First of all, alliterative phrases and whole sentences are fun to invent, and to try to recite quickly, as we see in tongue-twister contests.  Peter Piper picked a peck of pickled peppers, for instance, is fairly easy to say, but if you mix in two slightly different initial sounds it becomes much harder: she sells seashells by the seashore is trickier, and so is a proper copper coffee pot.  Consonant clusters add to the fun, as in he threw three free throws, which all begin with a fricative + R cluster, one of which is anomalous and causes the most trouble when you say the sentence fast.

I don’t know if speakers of every language enjoy this kind of thing, but you can find examples in many languages by searching the web.  Die Katzen kratzen im Katzenkasten means “the cats are scratching in the cat box” in German.  Un chasseur sachant chasser sait chasser sans son chien means “a hunter who knows how to hunt can hunt without his dog” in French.

And here’s one in Finish: Pappilan apupapin papupata pankolla kiehuu, which means “the rectory deacon’s bean casserole boils on the oven.”  (You never know when you might need to say that.)
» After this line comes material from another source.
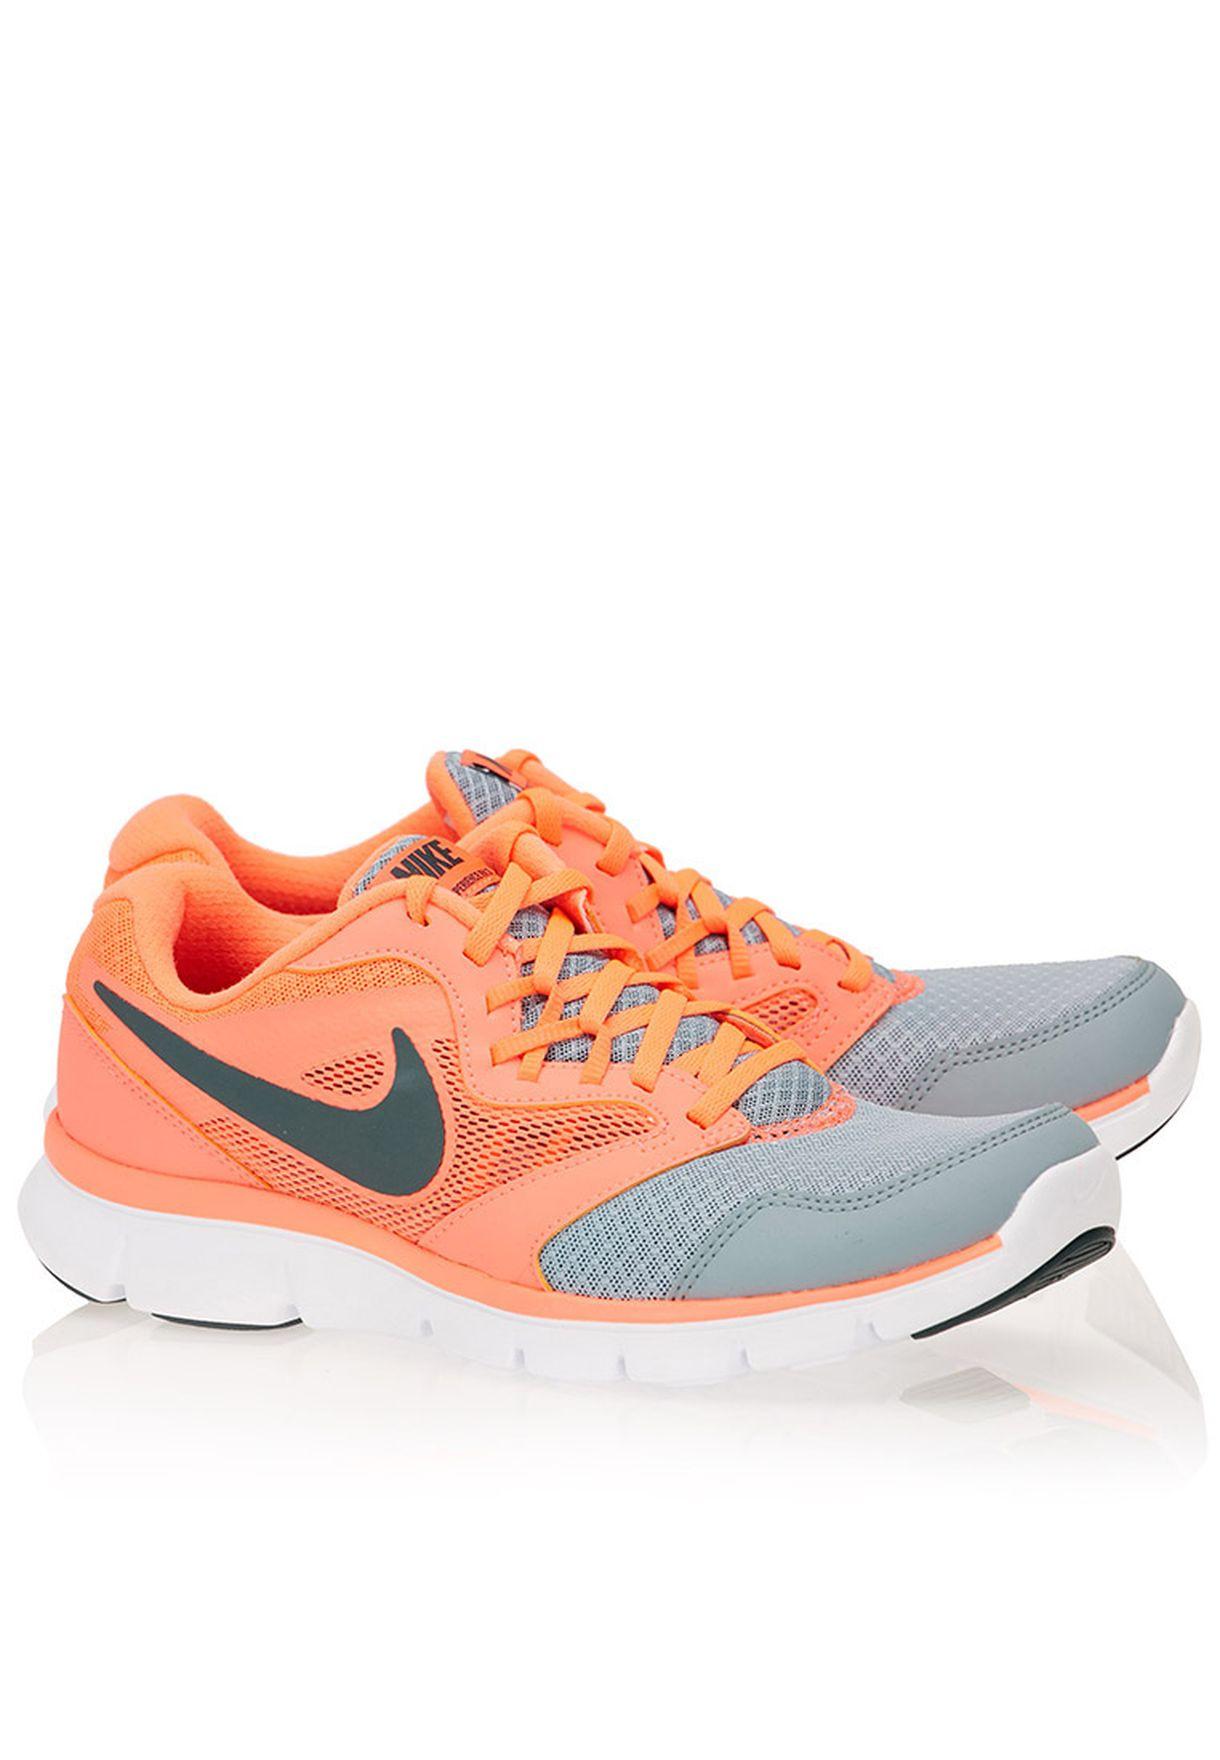 reputable site f6e86 6723a Shop Nike multicolor Flex Experience Run 3 MSL 652858-017 for Women ...

       Another common and pleasurable use of alliteration is to make insults or terms of abuse, such as lily-livered, first attested in 1857, or Shakespeare’s bolting-hutch of beastliness, and especially to string them together, as in You lousy little lily-livered lack-lustre lump of laziness!   

       But I think the most prevalent function of alliteration in everyday speech is to be found in little expressions that we hardly notice, so natural do they seem.  Their seeming naturalness, in fact, may be due to our sense that words that begin with the same sound, like words that end with the same sound (as in rhyme), belong together.  These expressions are sometimes comparisons: blind as a bat, busy as a bee, cool as a cucumber, dead as a doornail, dull as dishwater, fit as a fiddle, and many more.  Most of them are apt enough, but a few seem driven by the sound alone, for what is notably fit about a fiddle?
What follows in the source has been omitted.